Il est pourtant difficile d’assimiler à une simple métamorphose la transformation dont il s’agit ici. Chez les tritons comme chez tous les animaux à transformations normales, la métamorphose est un phénomène général qui peut présenter des anomalies, mais qui n’en existe pas moins. Or tel n’est pas le cas pour les axolotls du Muséum. Les reproductions se sont multipliées depuis l’époque à laquelle remontent les observations de M. Duméril. Environ trois mille individus ont été élevés dans nos aquariums. Il en a été distribué sur une foule de points en France et à l’étranger, dans le nord et dans le midi de l’Europe. Eh bien ! la métamorphose en amblystomes ne s’est accomplie au Muséum que sur seize individus. Deux autres faits de même nature se sont produits, l’un à Wurtzbourg, chez Kœlliker, l’autre à Louvain, chez van Bénéden. Voilà tout. En outre, quelques axolotls du Muséum ont paru vouloir éprouver des changemens analogues, mais se sont arrêtés à mi-chemin. M. Duméril a eu l’ingénieuse idée de pousser pour ainsi dire à la transformation en forçant un certain nombre d’individus à respirer avec leurs poumons seuls, et pour cela il a excisé totalement les branchies. La plupart des opérés ont réparé cette perte et ont continué à vivre comme auparavant. Spontanées ou provoquées, les transformations sont à peu près dans la proportion de un pour deux cents seulement ; elles ne se sont montrées dans nos aquariums que pendant les deux premières années de la reproduction des axolotls, et semblent avoir cessé. Il est bien difficile de voir une métamorphose ordinaire dans un phénomène aussi rare et aussi irrégulier.

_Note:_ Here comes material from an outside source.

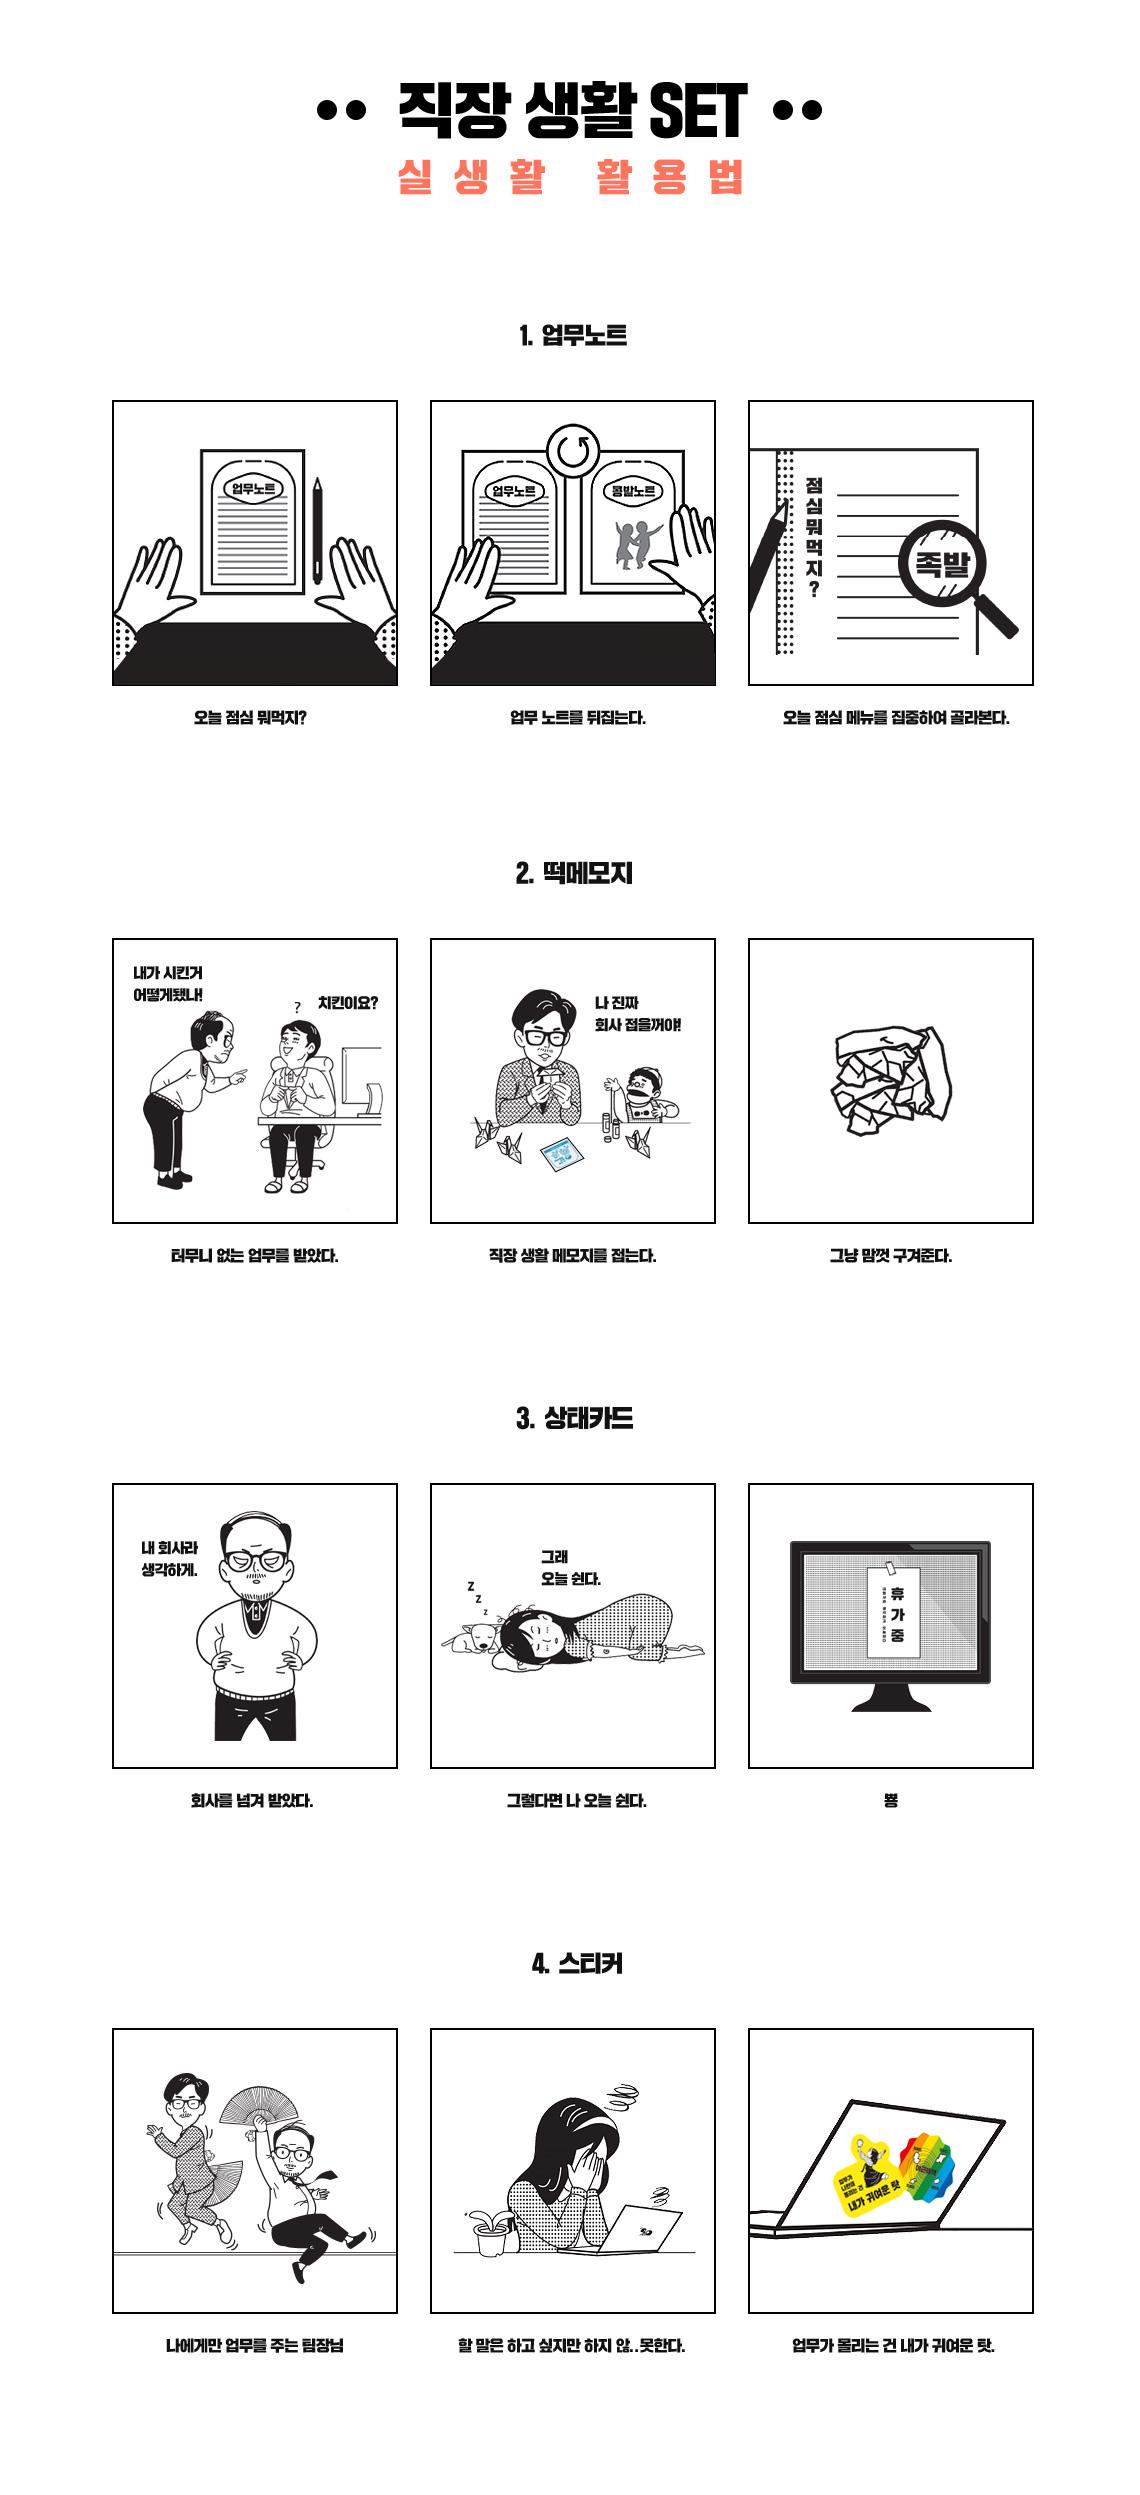 1. 업무노트 2. 떡메모지 3. 상태카드 4. 스티커

D’autres considérations plus graves justifient cette conclusion. L’état parfait d’un animal, acalèphe, insecte, reptile ou mammifère,

  1. Archivie per la Zoologia, t. Ier. C’est au mois d’août, près d’Andermatten, au lieu nommé Puneigen, que Filippi a fait cette curieuse observation. Il y aurait un intérêt très réel à visiter de nouveau cette localité à la même époque, afin de voir s’il s’agit d’un fait accidentel et temporaire, ou bien si les tritons de Puneigen présentent constamment cette remarquable anomalie dans leur développement.